千葉法律事務所 所長 弁護士 大木 昌志

監修弁護士 大木 昌志弁護士法人ALG&Associates 千葉法律事務所 所長 弁護士

交通事故に遭って車が破損したり、怪我をしたりした場合、40年、50年先であっても示談できる……とは限りません。損害賠償を請求する権利には、時効があります。

うっかり放置していると権利を失うこともあるので、時効は非常に注意しなければなりません。
「どれくらいの期間で時効にかかるの?」「時効期間が満了しそうなんだけど、どうしたらいいの?」という疑問を持つ人は少なくないと思います。

そこで、以下、弁護士が交通事故の示談において注意すべき時効制度について、わかりやすく説明します。

交通事故の損害賠償請求は3年または5年で時効となる

損害賠償請求権とは、加害者側に対し、交通事故によって発生した損害について、支払いをするよう請求できる権利のことをいいます。

  • 物損(修理費など)の場合、時効期間は短くて3年
  • 人損(治療費など)の場合、時効期間は短くて5年

と一般的に言われることが多いですが、後述するように、起算点の考え方などで注意すべきことはいくつかあります。
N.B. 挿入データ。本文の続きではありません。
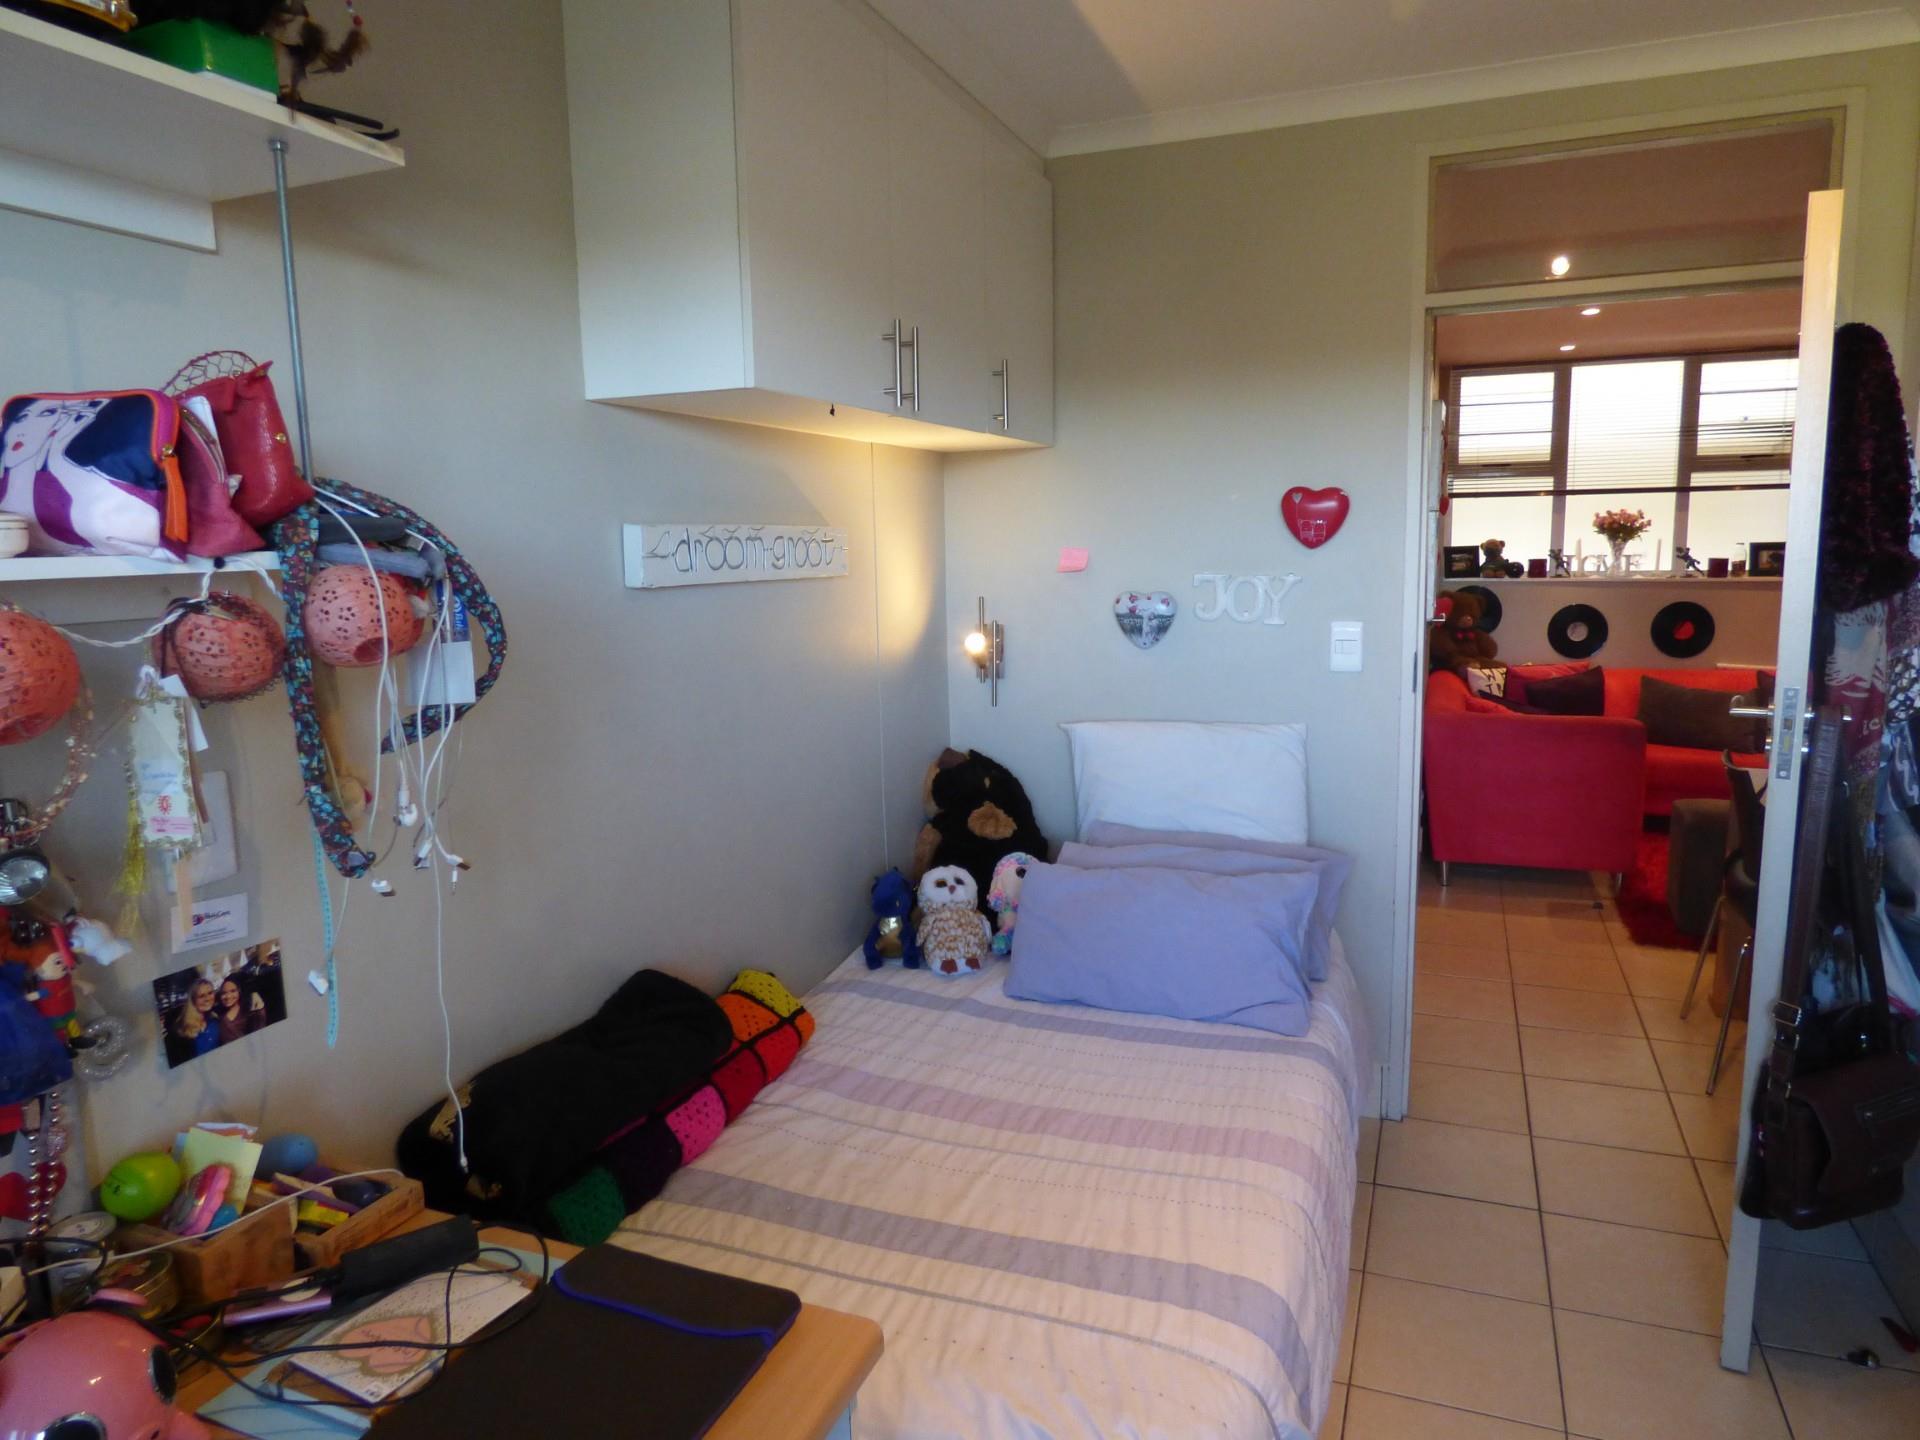 2 Bedroom Apartment / Flat For Sale in Universitas

※なお令和2年4月1日より前に起きた事故の場合、改正前の時効制度が適用されることになるため、時効期間が異なる可能性があることにご注意ください。

時効のスタートはいつから?

損害賠償請求権の起算点は、基本的に、「被害者又はその法定代理人が損害および加害者を知った時」から3年となることが多いです。

時効期間のカウントの際、初日は基本的に算入しないため、通常の交通事故であれば、交通事故のあった日の翌日から時効期間のカウントがスタートします。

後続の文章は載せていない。